I am a general entry into the 2023 Eagleman Cambridge and I would like my story to be heard. I grew up in Cambridge, poor and without dreams. Growing up mixed was almost unheard of in the ‘90s. I have built myself up into one amazingly resilient woman and I think the community should hear my story.
Three years prior to this, I wanted to kill myself. I wanted that because I made a mess of my life.
When I was 15, I was raped.
I was raped by five of my classmates at a party I went to because I wanted to fit in so badly. I was introduced to alcohol at that party, and I was tossed around like a rag doll with no ability to understand what had happened to me.

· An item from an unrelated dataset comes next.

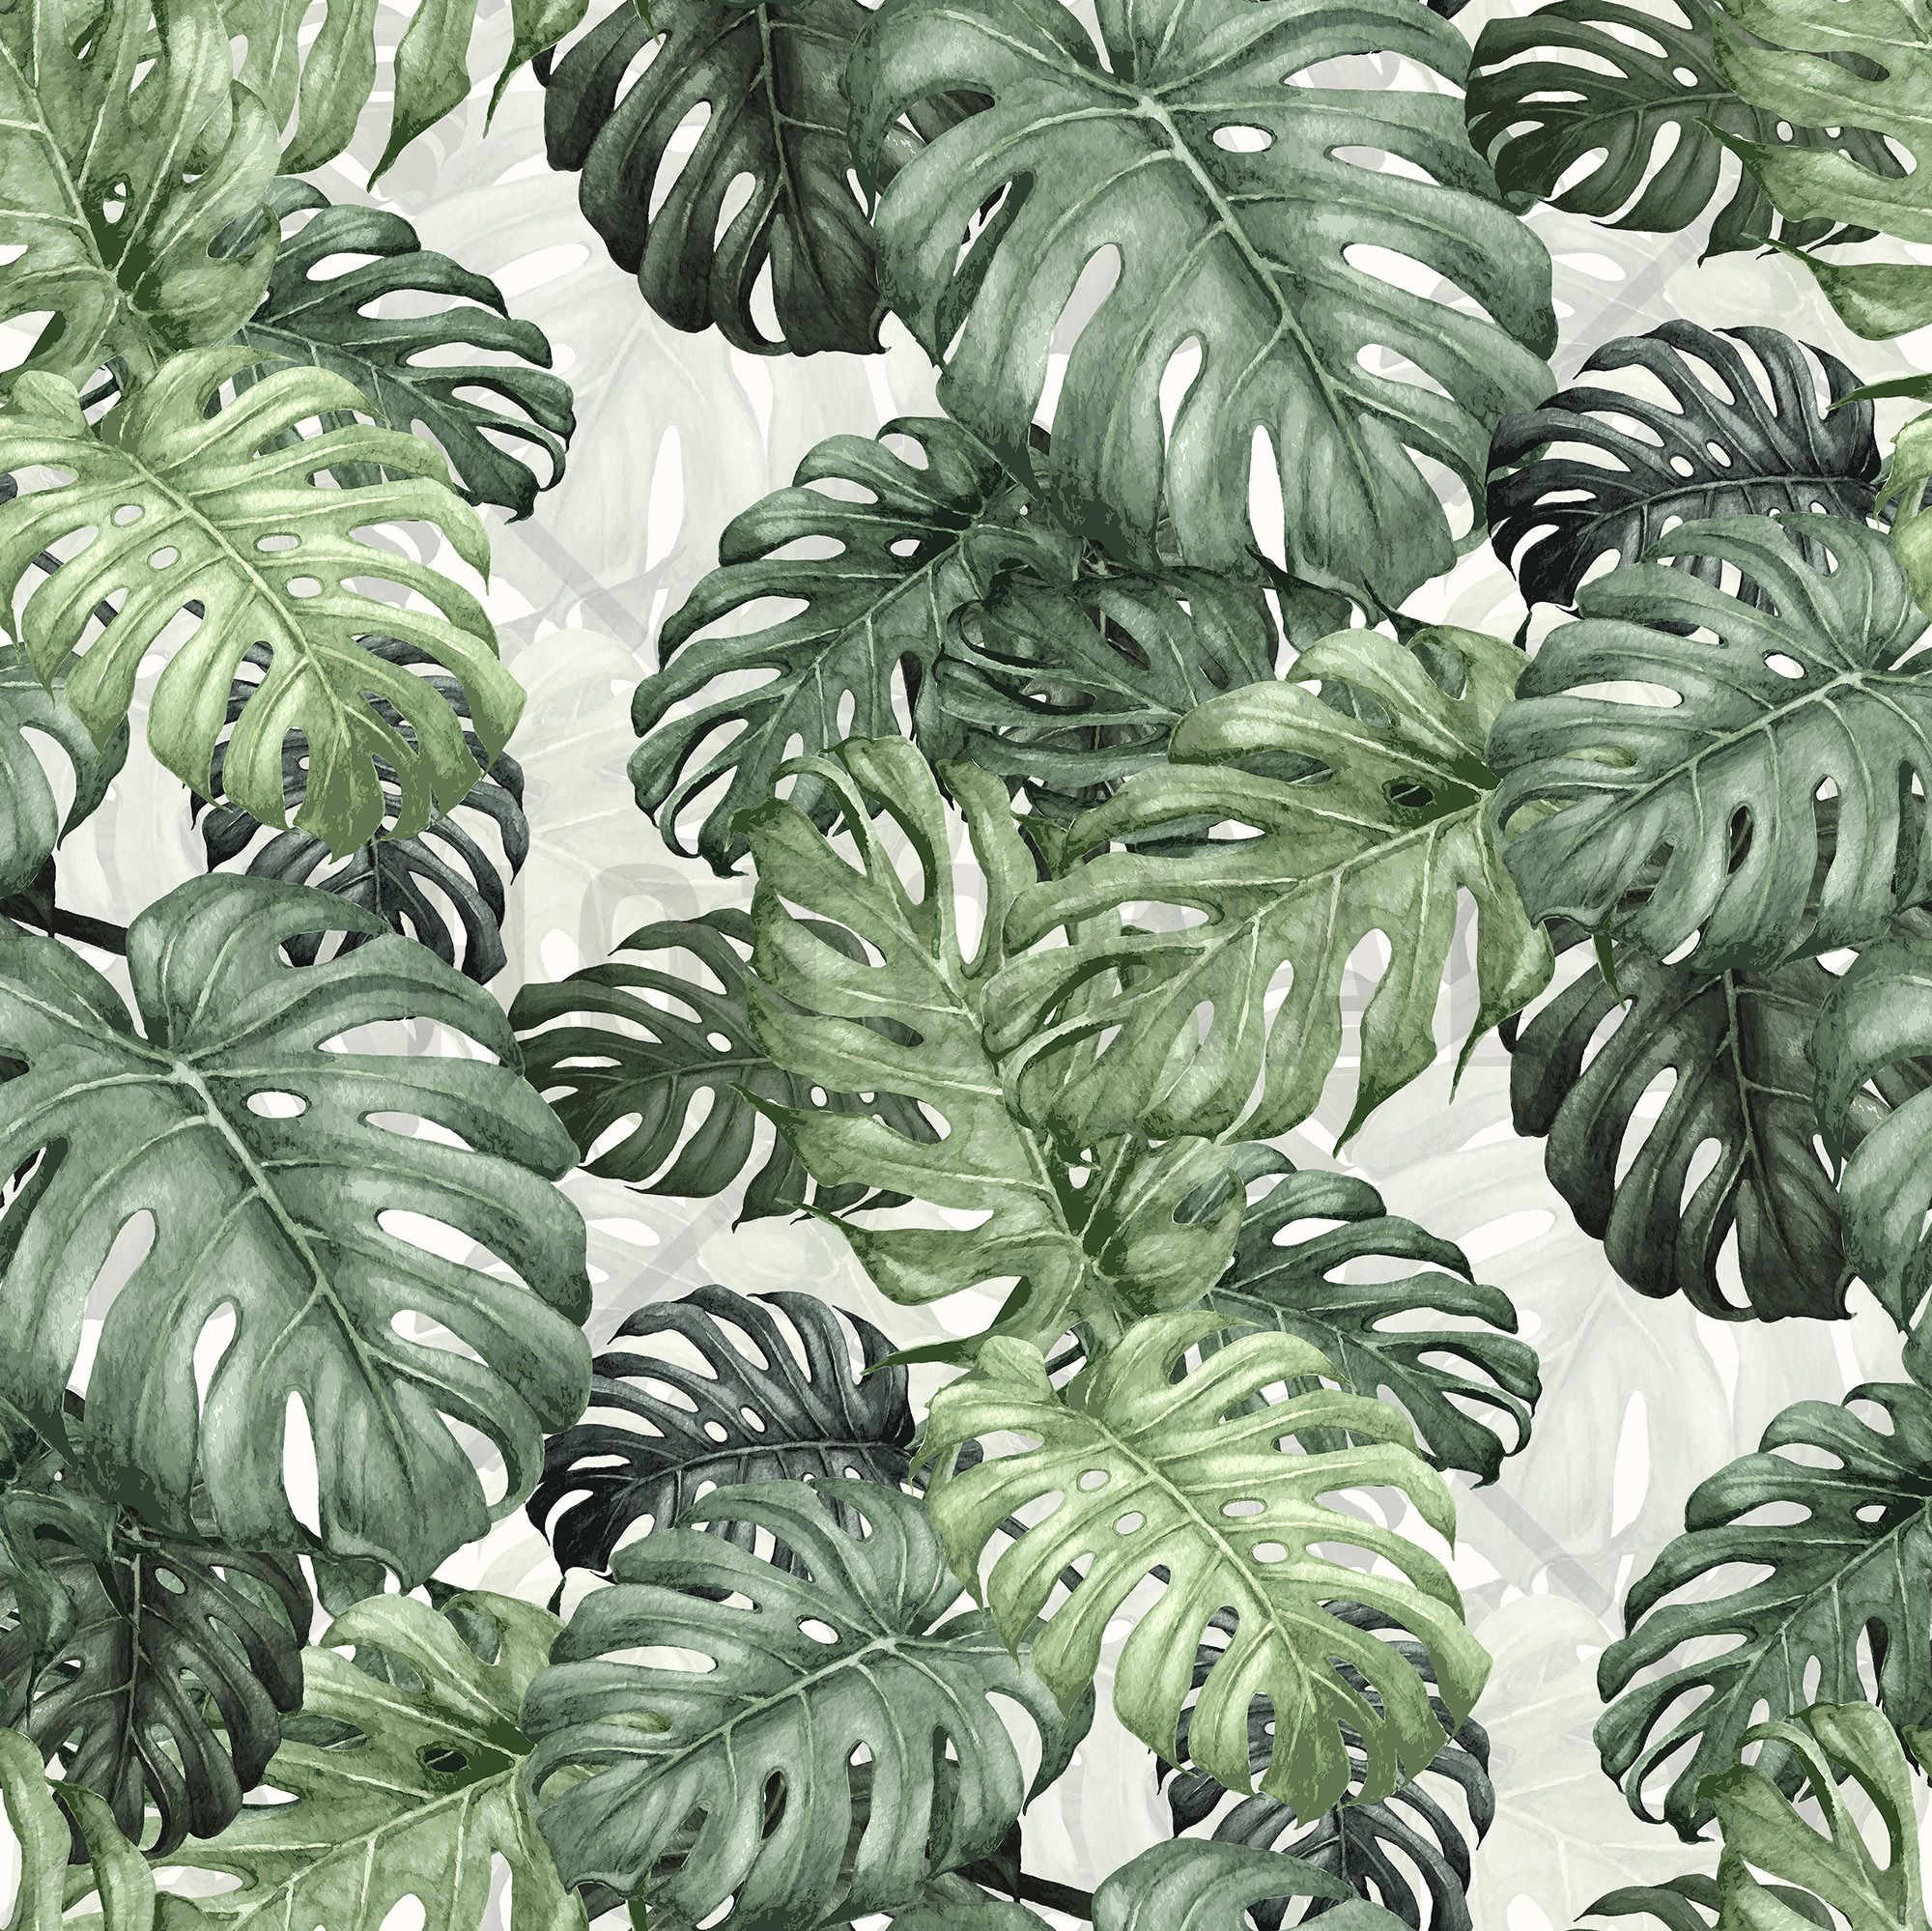 botany monstera mural de pared y papel tapiz fotogr fico photowall manisb2000. Black Bedroom Furniture Sets. Home Design Ideas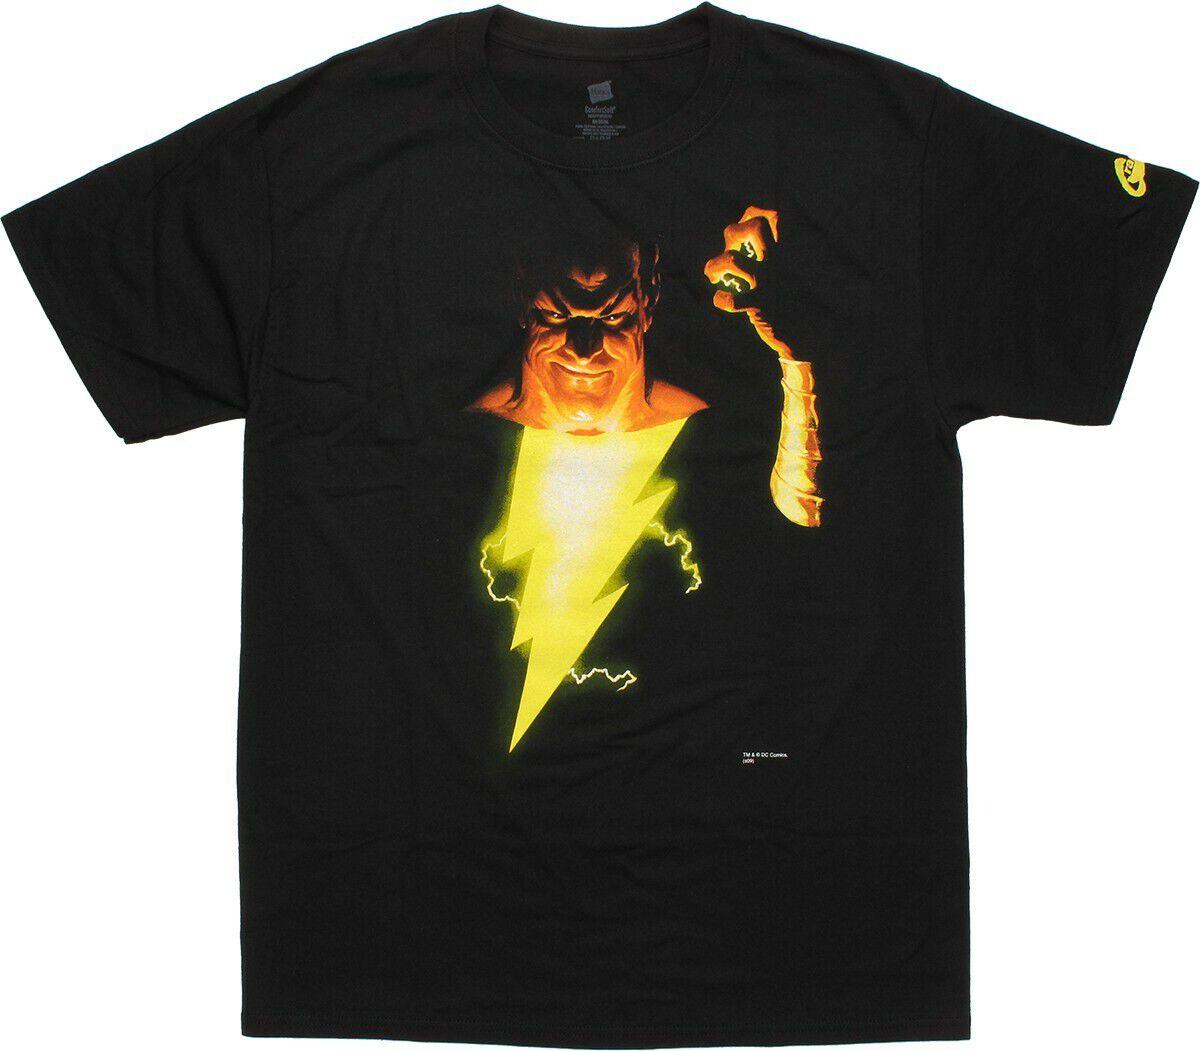 Shazam Black Adam Fist T-Shirt

It changed me. I grasped on to any person who showed an ounce of love to me.
It was the most regretful decision because it shaped the rest of my life before I even knew it. I have survived rape, drug addiction, alcoholism and domestic violence. I had a gun held to my head at 29 years old by a police officer I was engaged to.
Trauma changes people. It shuts you down like a knife stabbing you in the head. I fell into a deep depression for two years and in the middle of it crashed two cars and almost killed myself.
Two DUIs later, I decided my life was meaningful still. I have overcome and maintained PTSD, severe anxiety and chronic depression to get here today. If I had met fitness earlier, I believe I would not have gone through what I went through back then.
My strength comes from my faith in believing that my purpose is beyond what I have experienced in my lifetime. I am not your average triathlete; I do not have everything figured out in my life and I struggled to train and stay committed because so much hurt has been shoved in my face throughout my adult life.
One thing is for sure, and two things are for certain, 1) I pushed through and trained myself to run, cycle and swim; 2) I feel my strongest when I am active in either of those sports. I registered for this triathlon the day after the last one concluded, the 2022 Eagleman Cambridge.
After I volunteered at the run aid station it pushed me to go forth and register. I wanted to give myself one year to train and since then I have overcome so many trials and tribulations. Still poor, still afraid of my own shadow and still lacking the courage to join a club team.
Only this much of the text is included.